Specifically on what is different from your fix_826, see https://github.com/madgraph5/madgraph4gpu/pull/873#issuecomment-2198193970

I think it's best to see at generated code rather than code generator

-  // Map channelId to iconfigC
-  // This array has N_diagrams+1 elements, but only N_config <= N_diagrams valid values
-  // unvalid values are set to -1
-  // The 0 entry is a fall back to still write events even if no multi-channel is setup (wrong color selected in that mode) 
-    __device__ constexpr int channelId_to_iconfigC[7] = {
-     0, // channelId=0: This value means not multi-channel, color will be wrong anyway -> pick the first
-     -1, // channelId=1 (diagram=1): Not consider as a channel of integration (presence of 4 point interaction?)
-     0, // channelId=2 (diagram=2) --> iconfig=1 (f77 conv) and iconfigC=0 (c conv)
-     1, // channelId=3 (diagram=3) --> iconfig=2 (f77 conv) and iconfigC=1 (c conv)
-     2, // channelId=4 (diagram=4) --> iconfig=3 (f77 conv) and iconfigC=2 (c conv)
-     3, // channelId=5 (diagram=5) --> iconfig=4 (f77 conv) and iconfigC=3 (c conv)
-     4, // channelId=6 (diagram=6) --> iconfig=5 (f77 conv) and iconfigC=4 (c conv)
...
+  // Map channelIdC (in C indexing, i.e. channelId-1) to iconfig (in F indexing)
+  // Note: iconfig=0 indicates invalid values, i.e. channels/diagrams with no single-diagram enhancement in the MadEvent sampling algorithm (presence of 4-point interaction?)
+  // This array has N_diagrams elements, but only N_config <= N_diagrams valid (non-zero) values
+  __device__ constexpr int channelIdC_to_iconfig[6] = { // note: a trailing comma in the initializer list is allowed
+    0, // CHANNEL_ID=1 i.e.

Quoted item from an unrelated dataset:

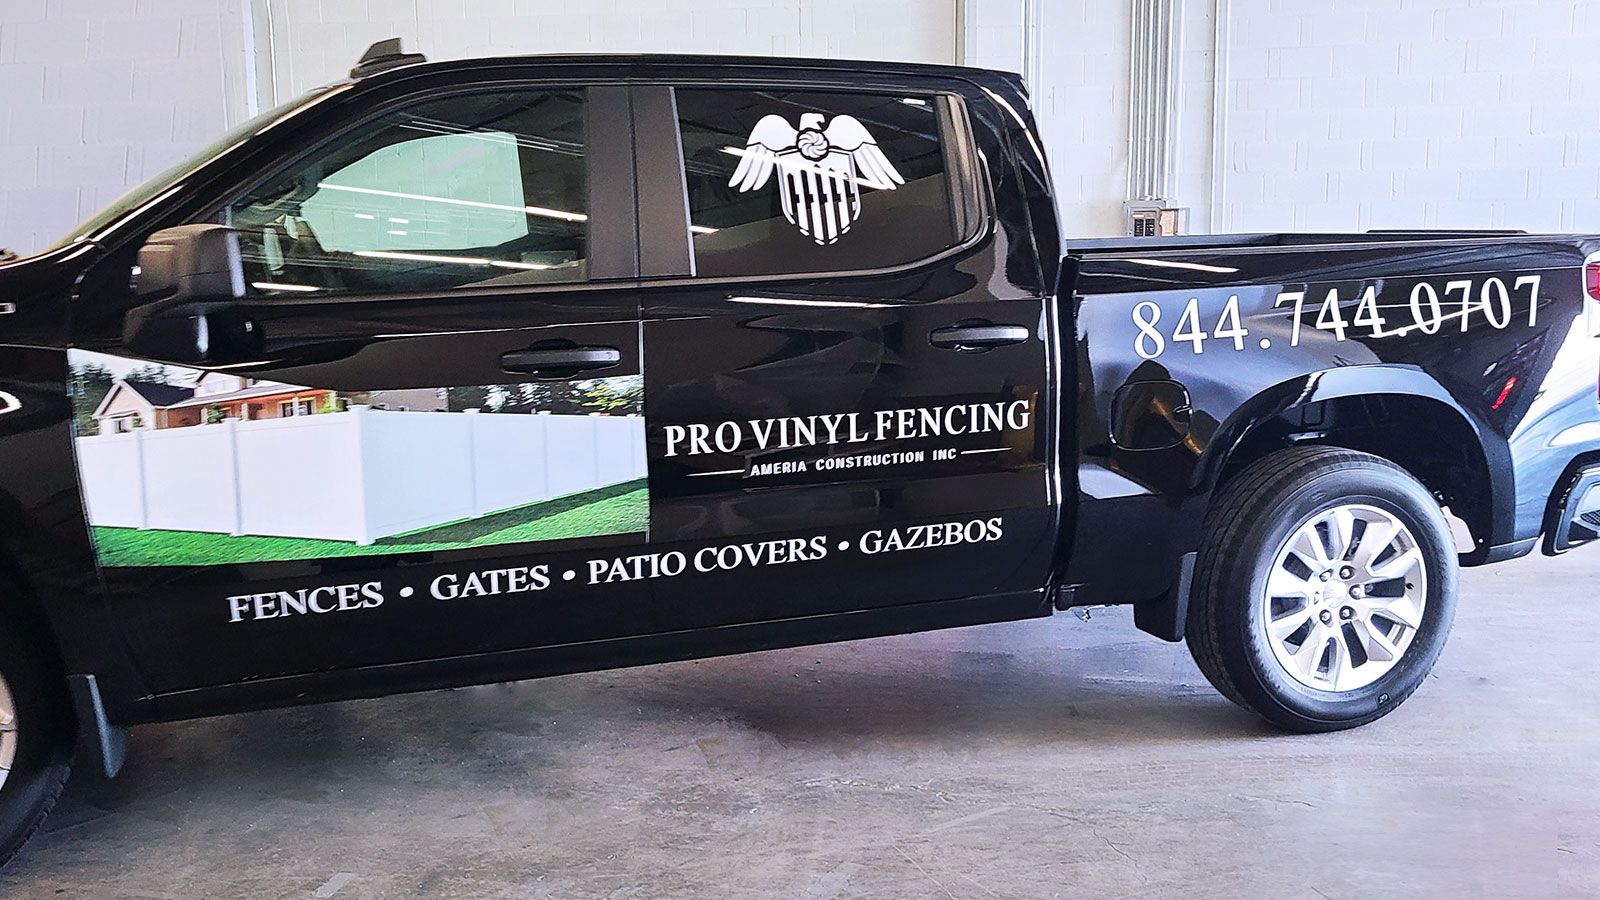 Provinyl fencing car decal
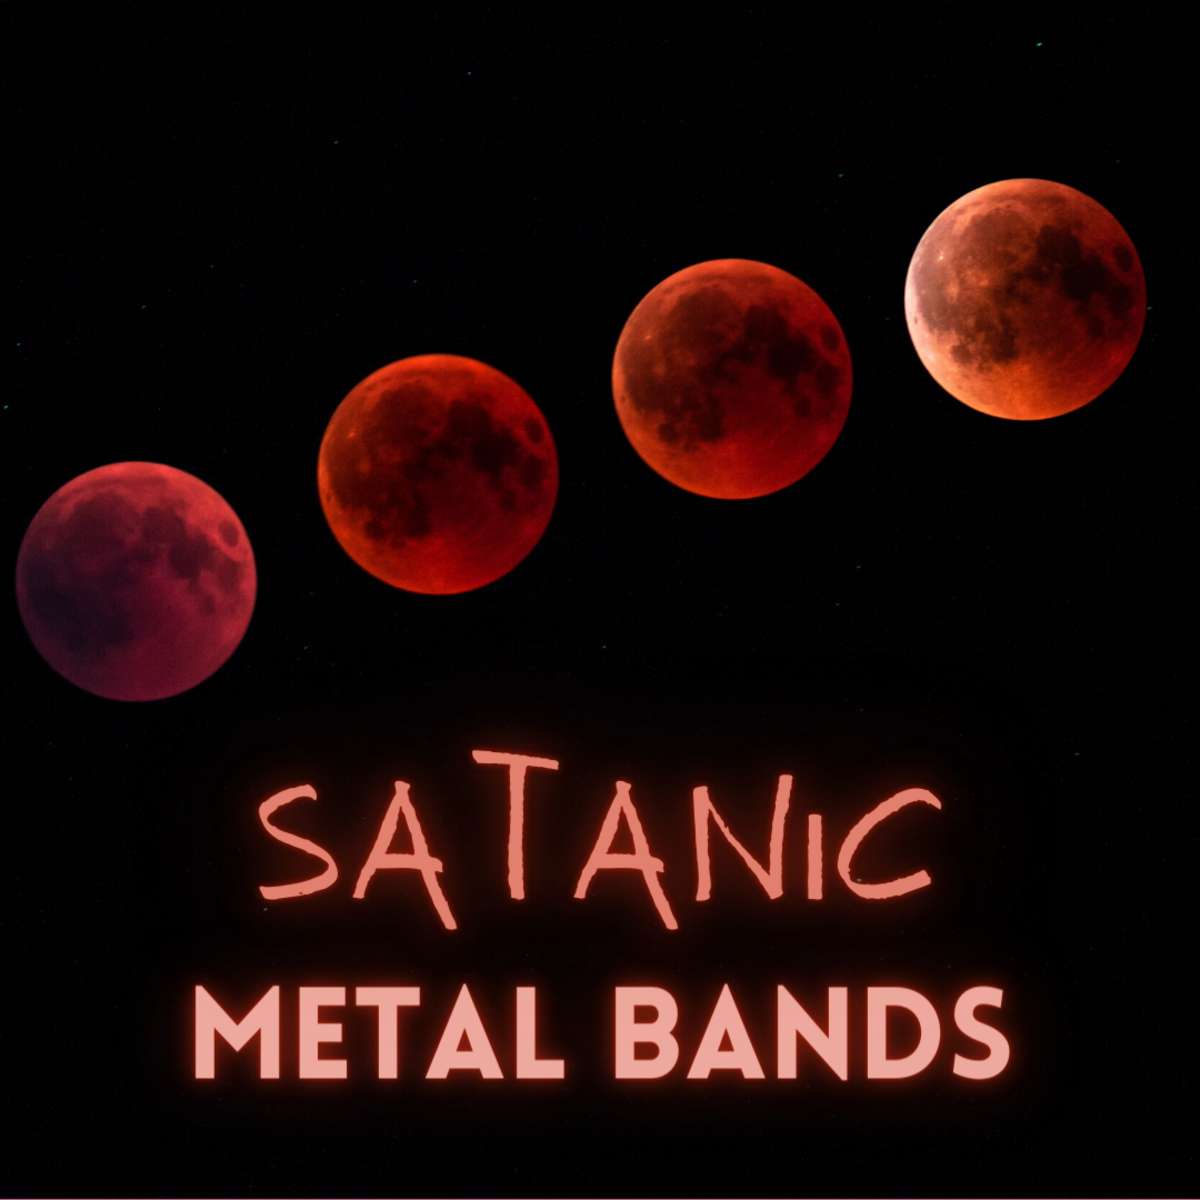 Top 8 Satanic Metal Bands of All Time

DIAGRAM=1 --> ICONFIG=None
+    1, // CHANNEL_ID=2 i.e. DIAGRAM=2 --> ICONFIG=1
+    2, // CHANNEL_ID=3 i.e. DIAGRAM=3 --> ICONFIG=2
+    3, // CHANNEL_ID=4 i.e. DIAGRAM=4 --> ICONFIG=3
+    4, // CHANNEL_ID=5 i.e. DIAGRAM=5 --> ICONFIG=4
+    5, // CHANNEL_ID=6 i.e. DIAGRAM=6 --> ICONFIG=5

There are two (related) main differences

As shown above, the mapping array has Ndiag in my case and Ndiag+1 in yours. I find it clearer, because there are are actually only Ndiag mappings: adding one additional one here would only be because C starts with indexes at 0, and I think it is better to handle that in the code (one more line of code) rather than in the array (one more line in the array).
The output of the mapping is the Fortran iconfig in my case and is the C iconfigC in yours. I find it clearer to have an array which only manipulates the fortran numbers, and then again have one extra line of code to handle the iconfigF to iconfigC mapping.

That said, I will not make a fuss on this. If you prefer your way, lets do that. (I would just change some comments accordingly). Let me know please.

Thanks Andrea

oliviermattelaer commented 1 week ago

Thanks for this PR. This is really great to move forward.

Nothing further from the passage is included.